At our fifteenth annual fishing trip/poker blow-out on the North Branch that Dave had masterminded in the beginning, I parceled out the bags of Dave's stuff to each friend. The moment, without Dave, was penetrating, opening again the wound of loss, the terrible void of his absence. The group's agony was broken when our drug-selling friend laughed himself onto the floor getting his handouts back. We then drank a toast to Dave, thanking him for his gifts but especially for his gift of friendship.

Later that night I sorted through what I'd given myself from Dave's gear: two boxes of flies, a Patagonia vest, and a pair of bifocals to string around my neck. The flies, mostly small daytime flies for float fishing would come in handy in the spots where Dave always pointed out likely brook trout habitat when we floated below Camp Chicago.

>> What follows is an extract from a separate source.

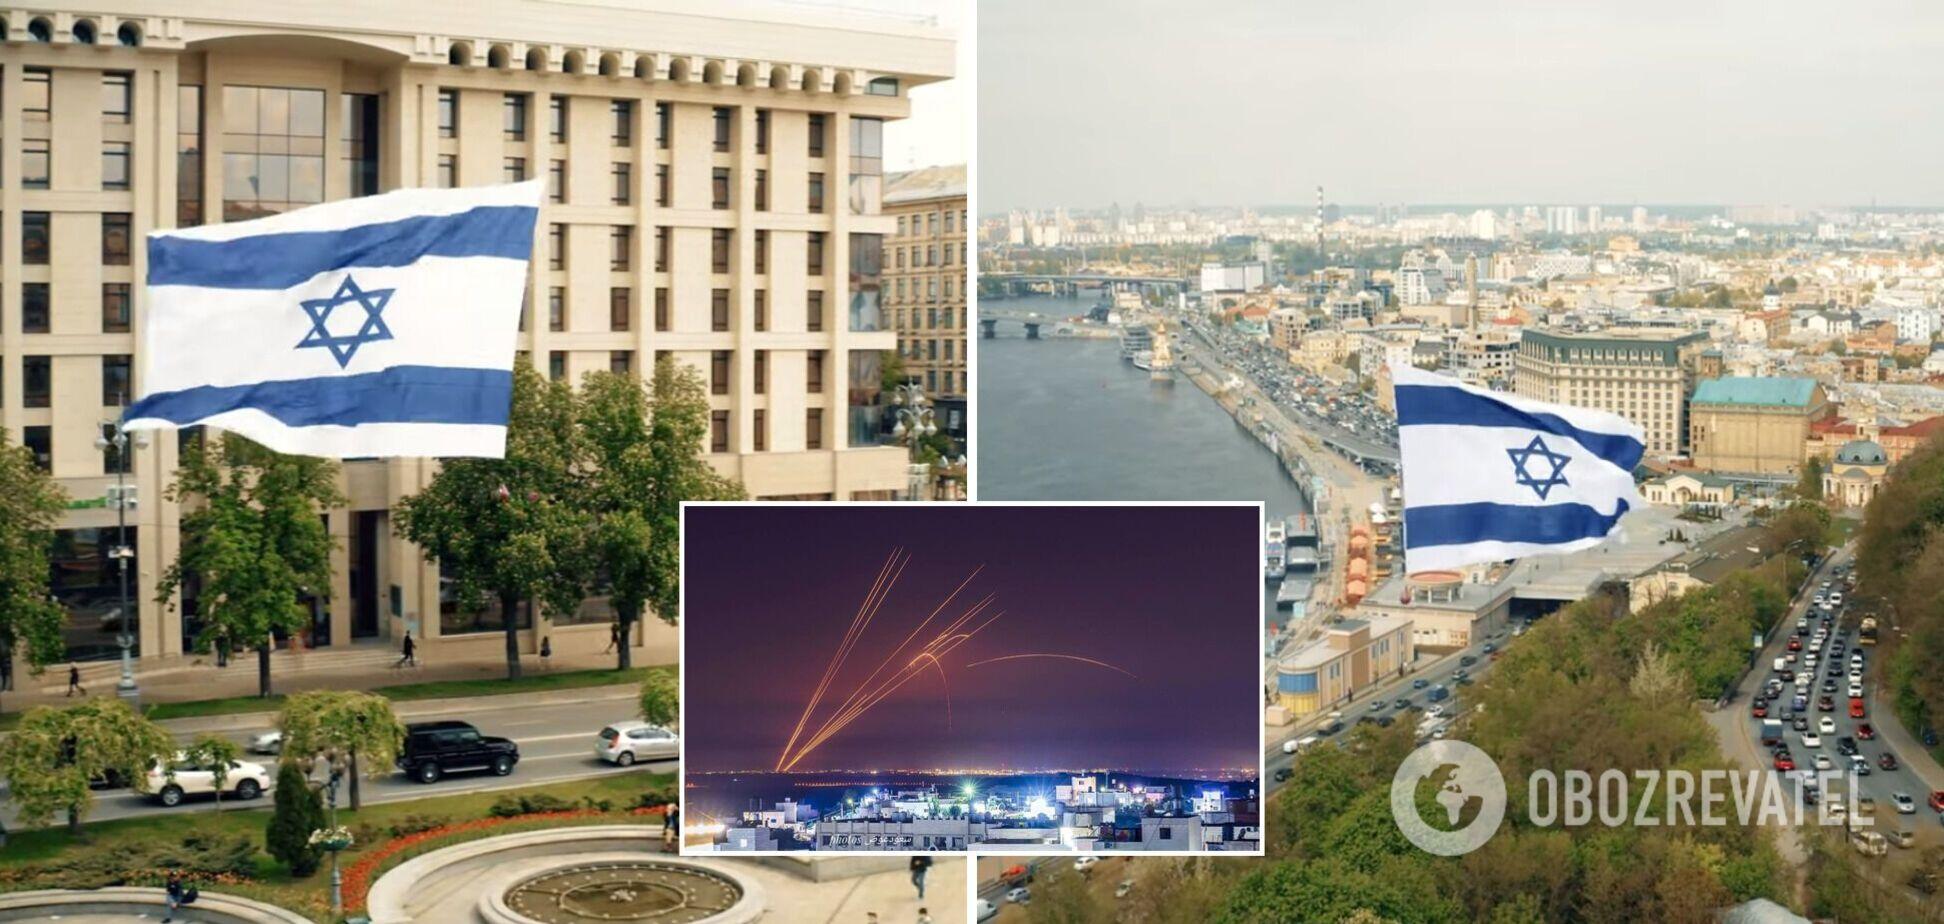 Акция в поддержку Израиля в Киеве

Another box was filled with terrestrials; bright hoppers with rubber legs, dry skunks - the flies of August and September when we'd float the bigger water below McMaster's Bridge rolling big browns in the bright sunlight along grassy banks.

Now I carry some prized possessions of a dear friend in my fishing vest. I take them out almost every day. When my hands go down into his vest I think of him: master angler, a man of letters, a true friend who raised the art of friendship to brilliance. The hours I spent in the front of his riverboat were laced with banter, therapy, the balm of his laughter. For me, Dave Lemmen was a living admonition to literally treat life as a feast.

Certainly, I will miss all the gifts he offered every year by his presence. But the great joy is that I had him as a friend for so many years. I miss him most when I'm on the river, when I'm using his flies, or stuffing a cheap cigar back into his vest. I now fish almost exclusively with the rod Dave willed to me. I meet him at the river every time I step in; he's there, of course, at every bend, behind every sweeper, his spirit abiding in each fish rising.